But over the past six years, 2020 through 2025, the US population has grown by 12 million people, as per the Census Bureau’s population estimate last week, and so more people commute by car, and commuting routes have become as congested as ever, while mass transit ridership has remained far below pre-pandemic levels, which puts a greater traffic burden on the roads.

So the number of miles driven by highway-legal vehicles of all types – cars and light trucks, buses, motorcycles, delivery vans, medium-duty and heavy trucks – rose by 0.9% in 2025, to a new record of 3,324 billion miles, according to estimates by the Department of Transportation today.

Compared to the pre-pandemic record in 2019, miles driven in 2025 were up by 1.9%. Over the same period, the US population has grown by 3.6%.

The Department of Transportation bases its estimates of miles driven on traffic counts collected at about 5,000 continuous traffic counting locations across the US.

Miles driven per person of any age residing in the US rose to 9,710 miles per year in 2025.

This includes people who are too young or too old to drive, or who don’t drive because they don’t need to, such as many people in some big dense cities. But it shows the trend in terms of the overall population:

The peak miles driven per person was in 2004 at 10,016 miles per person. Even 2019 was higher at 9,837 miles per person.

The increase over the past three years would reflect increased commuting (including at the expense of mass transit) and other factors, such as increased commercial traffic and increased tourism.

Miles driven per person also show the ascent of the American commuting culture and urban sprawl through 2000. Note the effects of the Oil Shock in the 1970s, when the price of gasoline spiked amid shortages of gasoline.

Office attendance – how many people actually show up at office buildings – has come up a lot from the pandemic lows but remains far below the pre-pandemic period and has improved only marginally over the past three years.

Office attendance remains at less than 60% of where it had been before the pandemic – Tuesday being the busiest – in the 10 cities where Kastle tracks office attendance at buildings where it provides access-control systems (click on the chart to enlarge).

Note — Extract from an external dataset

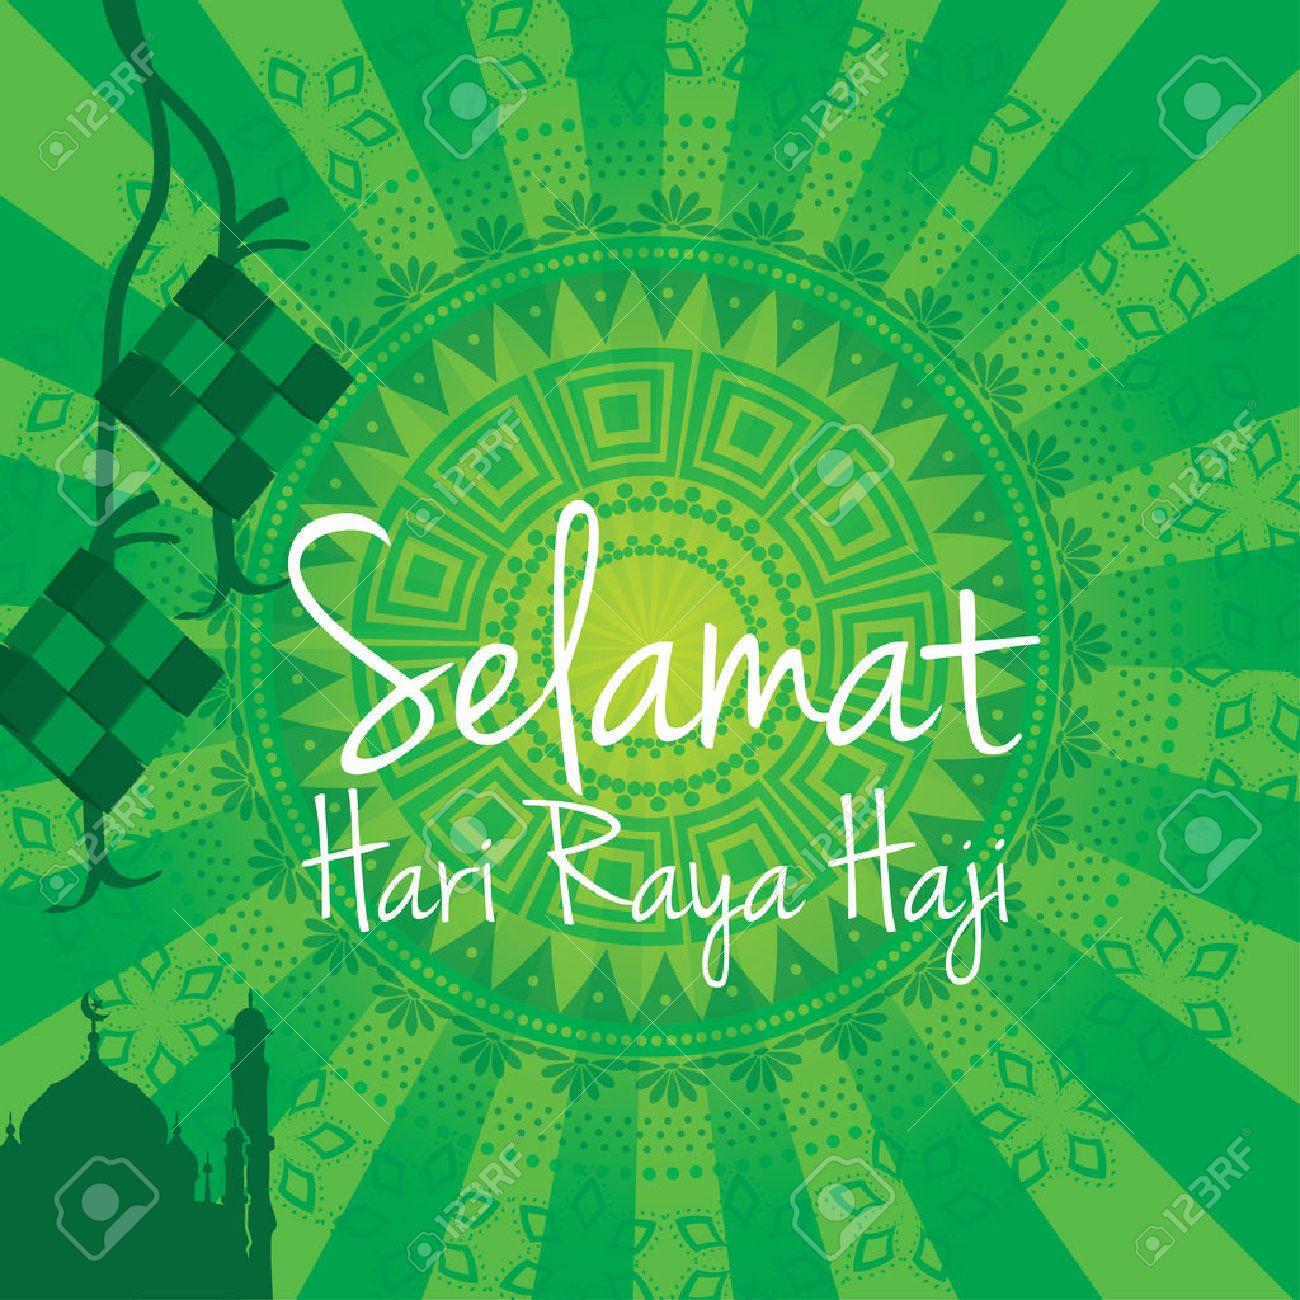 Selamat hari raya haji greeting card - 53498664

And mass-transit remains out of favor, even commuting routes have become as congested as ever. For example, ridership on the Bay Area Rapid Transit (BART) system, one of the largest commuter rail systems in the US — and sporting brand-spanking-new trains now – has been at about half the ridership it had in the respective months in 2019.

December ridership, at 4.40 million, was about 55% of what it had been in December 2019 (9.36 million). November was at 50% of November 2019. October was at 41%. September at 53%.

Enjoy reading WOLF STREET and want to support it? You can donate. I appreciate it immensely. Click on the mug to find out how:




To subscribe to WOLF STREET...

Enter your email address to receive notifications of new articles by email. It's free.

Join 13.8K other subscribers

  56 comments for “Miles Driven Hit Record in 2025, beating 2019, amid Lethargic RTO, Mass Transit Blues, but a Jump in Population

  1. Wolf Richter says:

    If you’re signed up to receive a WOLF STREET email notification every time an article is published, you received a weird one Saturday night.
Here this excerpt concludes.